A person with type 2 diabetes who is taking oral anti-diabetic drugs or who is currently on a diet does not need to accurately calculate the amount of carbohydrates in food. Many diabetics have heard of the so-called bread unit. There is such a calculation system for those who receive insulin. This allows you to correlate the amount of carbohydrates consumed with the dose of short-acting insulin that these diabetics inject before meals.

Special "diabetic" products.

Sweeteners can make foods taste sweeter without increasing blood glucose levels or increasing body weight. But in this case we are only talking about non-caloric sugar substitutes. These include aspartame, saccharin, cyclamate, acesulfame potassium, sucralose, stevioside. They do not affect blood glucose levels and body weight at all. However, most "diabetic" foods (cakes, chocolate, waffles) contain sorbitol, xylitol, or fructose instead of sugar, which are almost as high in calories as sugar.
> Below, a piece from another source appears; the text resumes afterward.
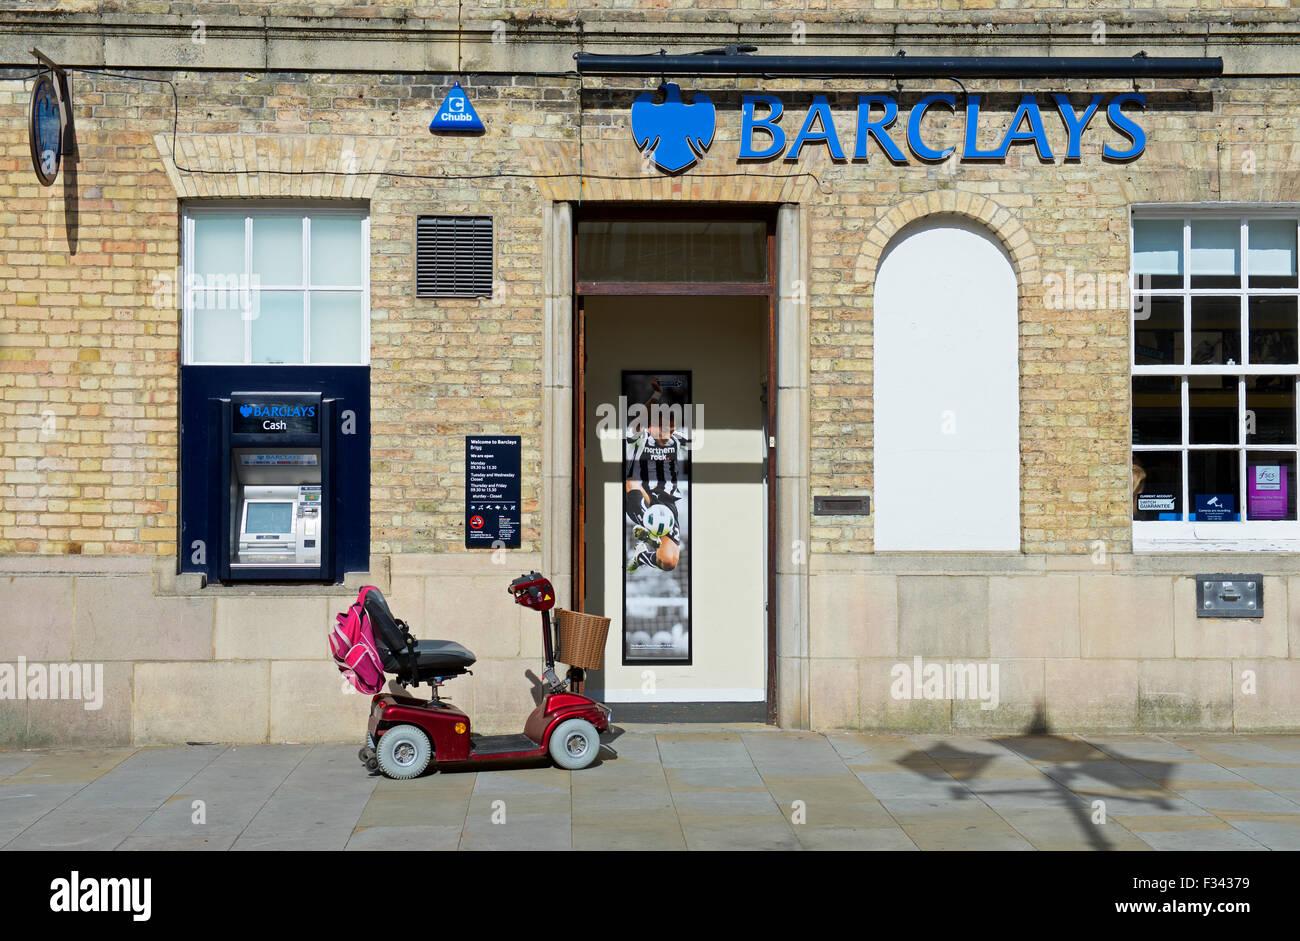 Mobilität Roller außerhalb Barclays Bank, England UK Stockbild

Therefore, with excess weight, they should be limited as much as possible, like regular sweets.

Fractional diets

Fractional mode means eating a lot during the day (5-6 times, but still no more often than after 2. 5-3 hours) in small portions. This is useful because hunger pangs can occur when following a low-calorie diet. Eating more often will help reduce it. In addition, a small portion of food contains a small amount of carbohydrates, this will facilitate the work of the pancreas.

Alcohol

Due to its high calorie content (7 kcal per 1 g), alcohol can contribute to weight gain. In addition, it directly worsens the indicators of fat metabolism and blood pressure. So limit your alcohol intake as much as possible.

Alcohol is known to have an adverse effect on the liver. This can lead to hypoglycemia if diabetics are taking glucose-lowering drugs and insulin. Never drink alcohol on an empty stomach!